Geometric and electronic structures of the Ni(I) and methyl-Ni(III) intermediates of methyl-coenzyme M reductase

Abstract

Methyl-coenzyme M reductase (MCR) catalyzes the terminal step in the formation of biological methane from methyl-coenzyme M (Me-SCoM) and coenzyme B (CoBSH). The active site in MCR contains a Ni-F(430) cofactor, which can exist in different oxidation states. The catalytic mechanism of methane formation has remained elusive despite intense spectroscopic and theoretical investigations. On the basis of spectroscopic and crystallographic data, the first step of the mechanism is proposed to involve a nucleophilic attack of the Ni(I) active state (MCR(red1)) on Me-SCoM to form a Ni(III)-methyl intermediate, while computational studies indicate that the first step involves the attack of Ni(I) on the sulfur of Me-SCoM, forming a CH(3)(*) radical and a Ni(II)-thiolate species. In this study, a combination of Ni K-edge X-ray absorption spectroscopic (XAS) studies and density functional theory (DFT) calculations have been performed on the Ni(I) (MCR(red1)), Ni(II) (MCR(red1-silent)), and Ni(III)-methyl (MCR(Me)) states of MCR to elucidate the geometric and electronic structures of the different redox states. Ni K-edge EXAFS data are used to reveal a five-coordinate active site with an open upper axial coordination site in MCR(red1). Ni K-pre-edge and EXAFS data and time-dependent DFT calculations unambiguously demonstrate the presence of a long Ni-C bond ( approximately 2.04 A) in the Ni(III)-methyl state of MCR. The formation and stability of this species support mechanism I, and the Ni-C bond length suggests a homolytic cleavage of the Ni(III)-methyl bond in the subsequent catalytic step. The XAS data provide insight into the role of the unique F(430) cofactor in tuning the stability of the different redox states of MCR.

Figure 1

Schematic diagram showing the proposed structures upon conversion of the active MCR_red1 to MCR_{red1−silent} and MCR_Me. The Ni^III−PS state is analogous to the Ni^III−methyl state and is formed by the reaction of MCR_red1 with bromopropane sulfonate.

Figure 2

(A) Normalized Ni K-edge XAS spectra of MCR_{red1−silent} (red), MCR_red1 (green), and MCR_Me (blue).
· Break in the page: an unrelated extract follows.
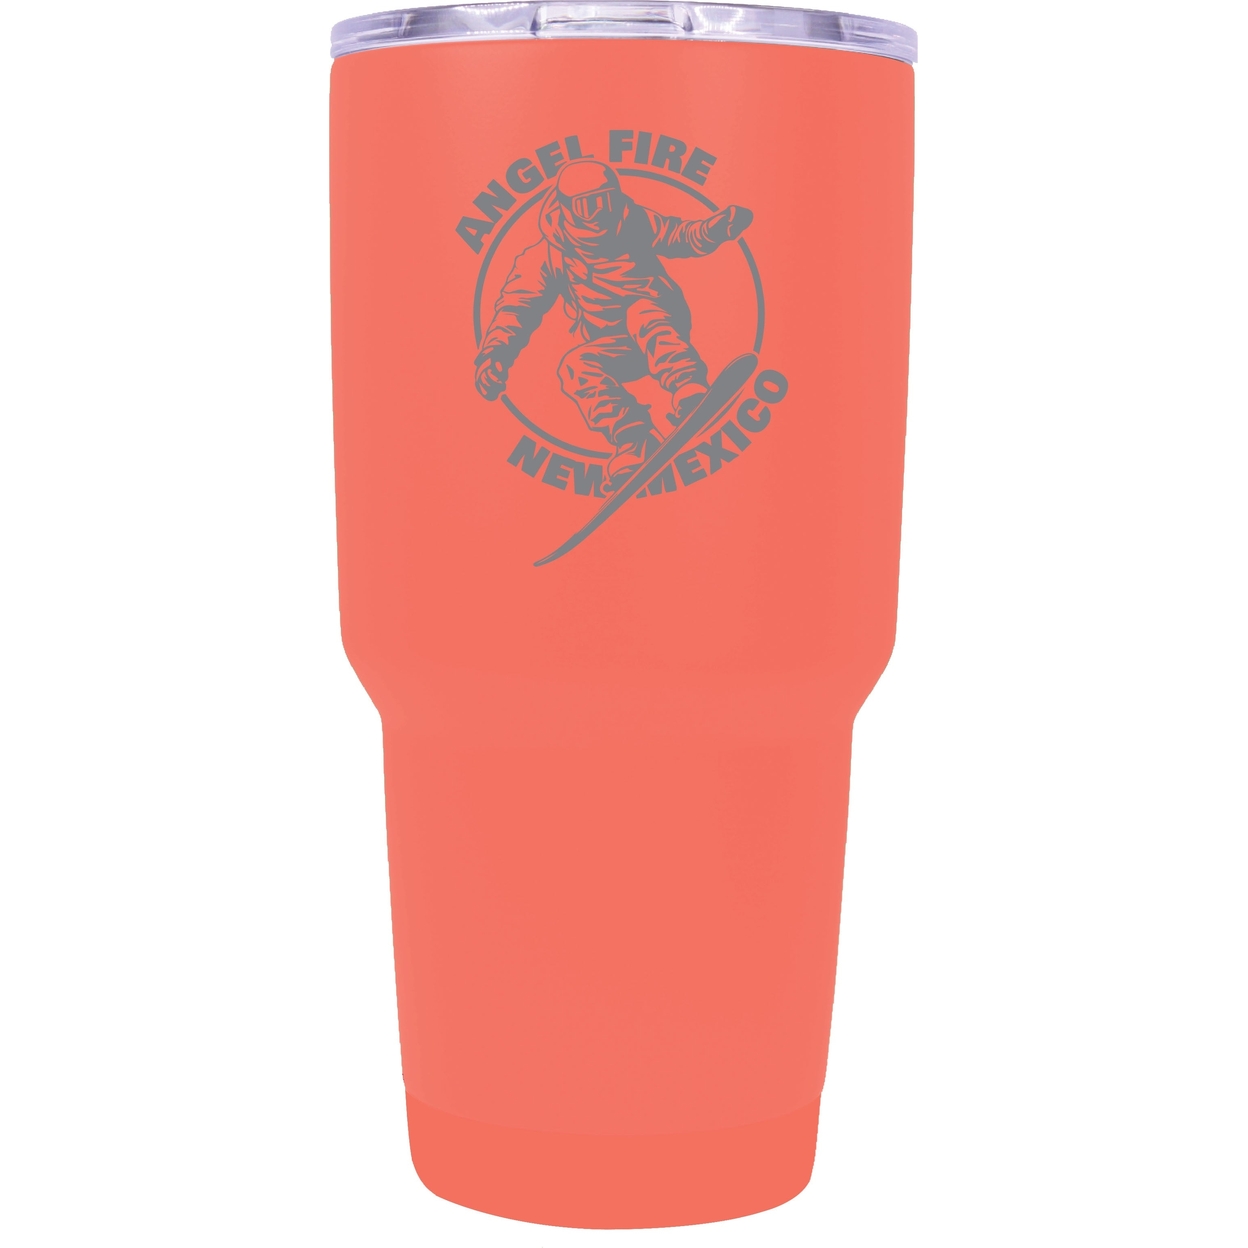 Angel Fire New Mexico Souvenir 24 Oz Engraved Insulated Stainless Steel Tumbler - Coral,,Single Unit

The inset shows the expanded second-derivative spectrum. (B) First-derivative spectrum showing the edge inflection points.

Figure 3

Comparison of the k³-weighted Ni K-edge EXAFS for MCR_{red1−silent} (red), MCR_red1 (green), and MCR_Me (blue) and their corresponding Fourier transforms.

Figure 4

k³-weighted Ni K-edge EXAFS data (inset) and their corresponding Fourier transforms (FT) for (A) MCR_{red1−silent} [data (gray) and fit (red)], MCR_red1 [data (gray) and fit (green)], and MCR_Me [data (gray) and fit (blue)].

Figure 5

(A) Comparison of the Ni K-pre-edge XAS data (—) with the TD-DFT calculated spectra (---): MCR_{red1−silent} (red), MCR_red1 (green), MCR_Me (blue), and MCR_Me−NA (gray).

Figure 6

Schematic diagram of the predicted active site structures of MCR_{red1−silent}, MCR_red1, and MCR_Me based on Ni K-edge EXAFS and Ni K-pre-edge analysis. Relevant first-shell bond distances have been included. Some atoms of the F₄₃₀ cofactor have been omitted for the sake of clarity. The lower-axial bond distance in MCR_Me is ill-determined by EXAFS. The dashed Ni−O bond in MCR_red1 and MCR_Me indicates a larger than normal EXAFS uncertainty. Asterisks indicate the average Ni−C bond distance, based on TD-DFT calculations and EXAFS data analysis.